A prompt with history would look like

<s>[INST] <<SYS>>
You are are a helpful... bla bla.. assistant
<</SYS>>

Hi there! [/INST] Hello! How can I help you today? </s><s>[INST] What is a neutron star? [/INST] A neutron star is a ... </s><s> [INST] Okay cool, thank you! [/INST]

It may even be that the newlines can be removed.

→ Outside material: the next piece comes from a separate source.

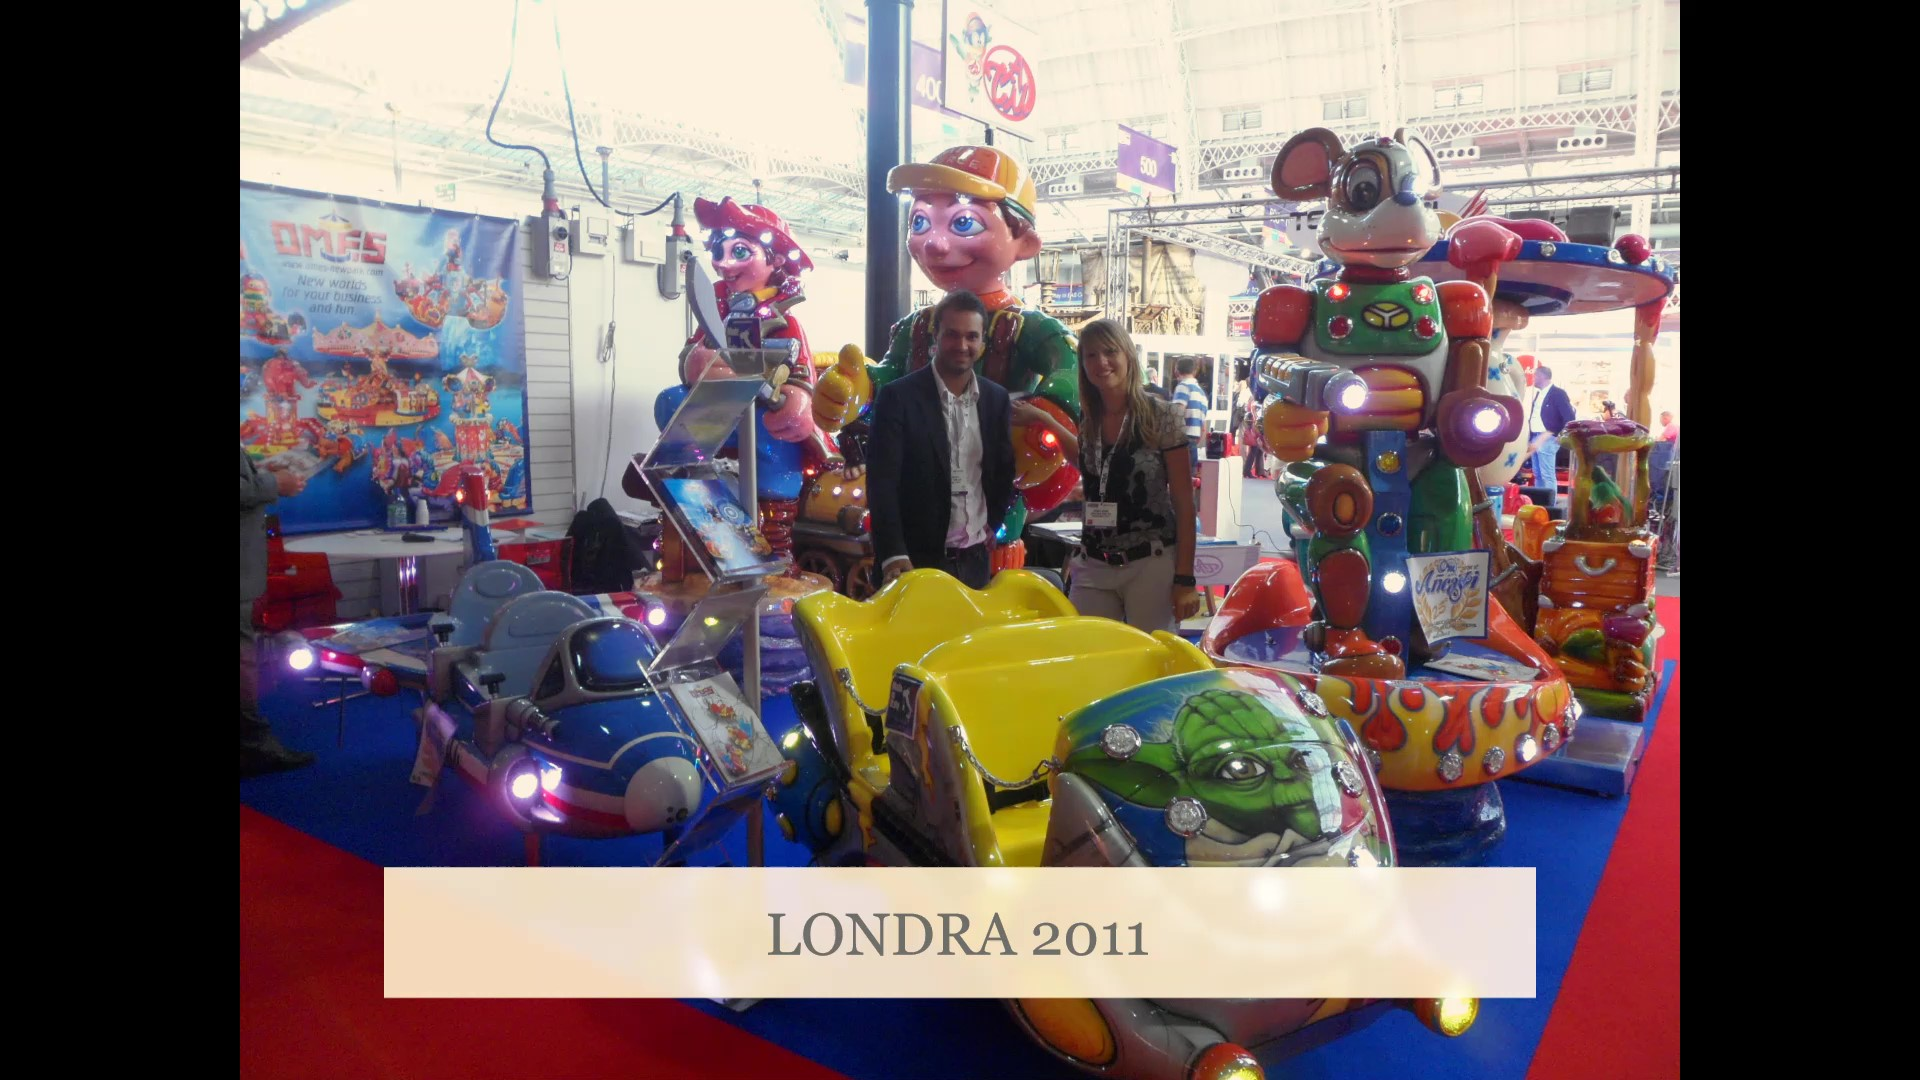 LONDRA 2011

So I think this prompt technique should replace the one in https://github.com/AmineDiro/cria/blob/main/src/routes/chat.rs#L16

AmineDiro commented 10 months ago

🤔 Interesting ! I actually think that you are right but I tested the chat/completions on some example and didn't saw any issues. Did you experience issues when testing ? btw, I am testing with llama-2-7b-chat.ggmlv3.q4_0.bin

9876691 commented 10 months ago

I'll try llama-2-7b-chat.ggmlv3.q4_0.bin and let you know what results I get. I'll also test the streaming.

Thanks

9876691 commented 10 months ago

@AmineDiro Could you run the docker build action for me? as I use the cria image as my base image and then I add in the model from hugging face.